For the delta-time ‘function’, it’s simply a matter of the way things seem to happen on weblogs, which seem to be built on the lost detritus of previous posts: the present is placed on top of the digital edifice, and everything else sinks lower and lower, until relegated to the limbo of older posts, where it remains, perhaps forgotten or unread, until archived or deleted. Time rolls like a log over all, down the Fifties-modern staircase of contemporary culture, upsetting a lamp, squashing the dog, and there’s simply nothing we can do. I’m reminded of the white porcelain descent into the steam baths of the underworld from Fellini’s silver-nitrate fractional masterpiece, 8 1/2, the relevant scenes in the Commedia, the circular atolls of coral Darwin witnessed from the deck of the Beagle, choral rounds of life and growth ringing an emptiness which allowed the reefs to cling and form.

Anyway.

comments

  1. Deron Bauman on July 13th, 2009 at 8:45 pm

    welcome, Derrick! it is so good to see your work here.

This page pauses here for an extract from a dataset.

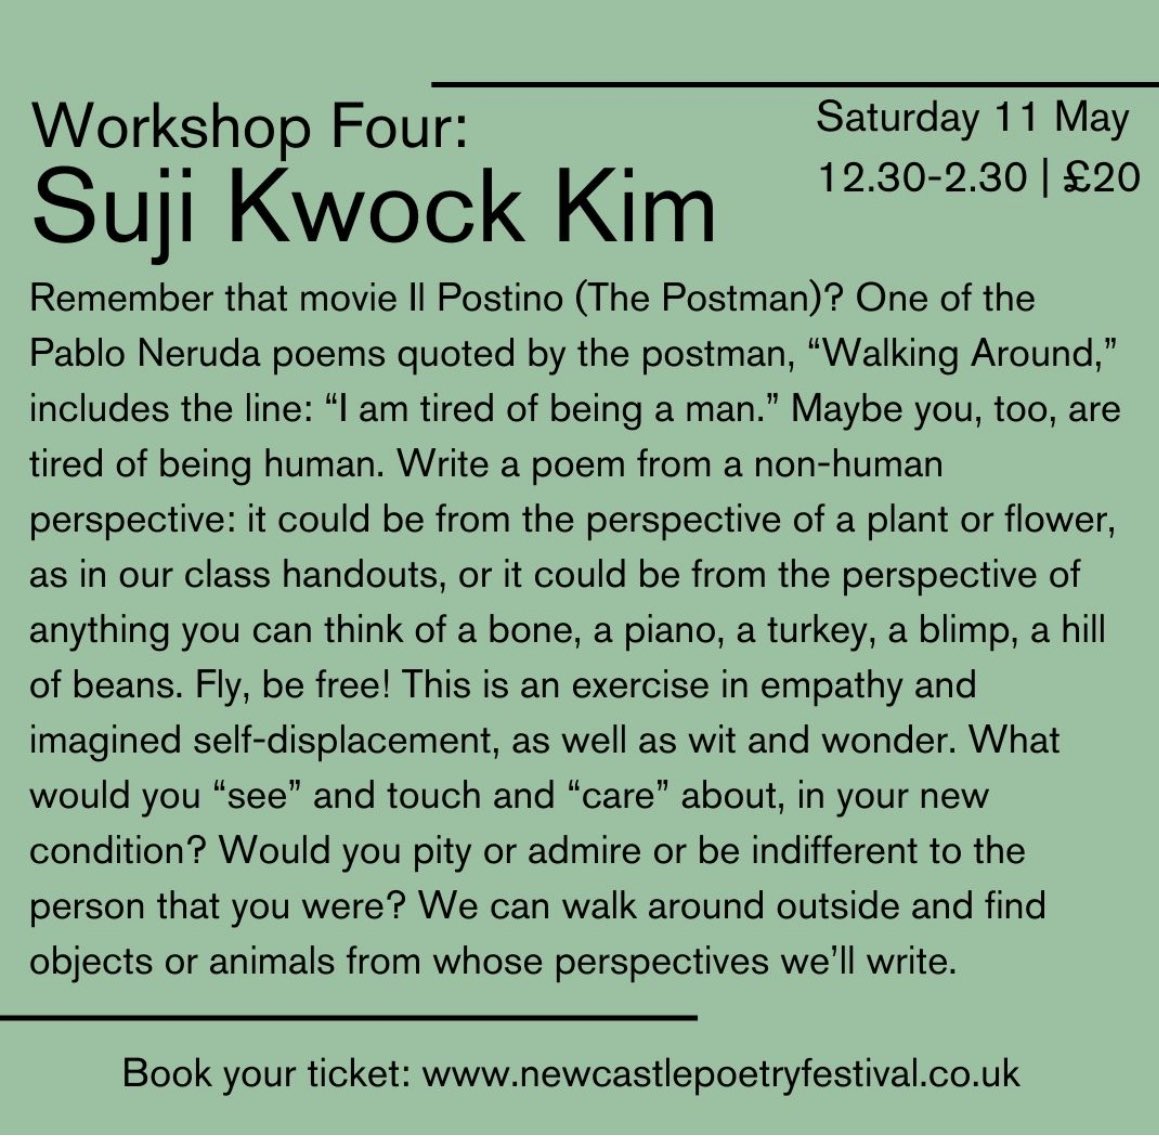 🤓We’re excited about Suji Kwock Kim’s workshop ‘Eco-poems & non-human perspectives’ 💚🌲on Sat 11 May 12.30-2.30 📝#NPFP24 Booking info 🎫newcastlepoetryfestival.co.uk

  2. Rick Neece on July 13th, 2009 at 8:57 pm

    So much here, I’m dumfounded. Too ignorant or unwilling to recognize so much of myself here in what you say. Yes, yes the beloved pencils. Yes, (more often than not) having nothing to say. Sometimes saying anyway.

    I’m just saying.

  3. Rick Neece on July 13th, 2009 at 9:03 pm

    You’re right, Derrick, how quickly things come and go on these etherial pages. I hope your post hovers above awhile. Welcome!

  4. Michael Grant Smith on July 13th, 2009 at 9:55 pm

    Blog: it’s better than bad; it’s good.

  5. Michael Smith on July 13th, 2009 at 9:57 pm

    Welcome! Do you have your own Field Notes now or are you still sketching in Andrew’s?

    I’m not saying you need your own Field Notes; if you prefer sketching on other people’s paper, that’s fine with me. I like to think you have your own sketchbook but use Andrew’s just because.

  6. Cindy Scroggins on July 14th, 2009 at 8:59 am

    Welcome, Derrick Mosley!

  7. Kelsey Parker on July 14th, 2009 at 3:01 pm

    If this is you having nothing to say, I’m very excited to hear what you say when you have it. Welcome! Your Field Notes sketches delight me.

  8. Andrew Simone on July 15th, 2009 at 12:31 pm

    Michael, I just gave him a few of mine since he was using them more than I was.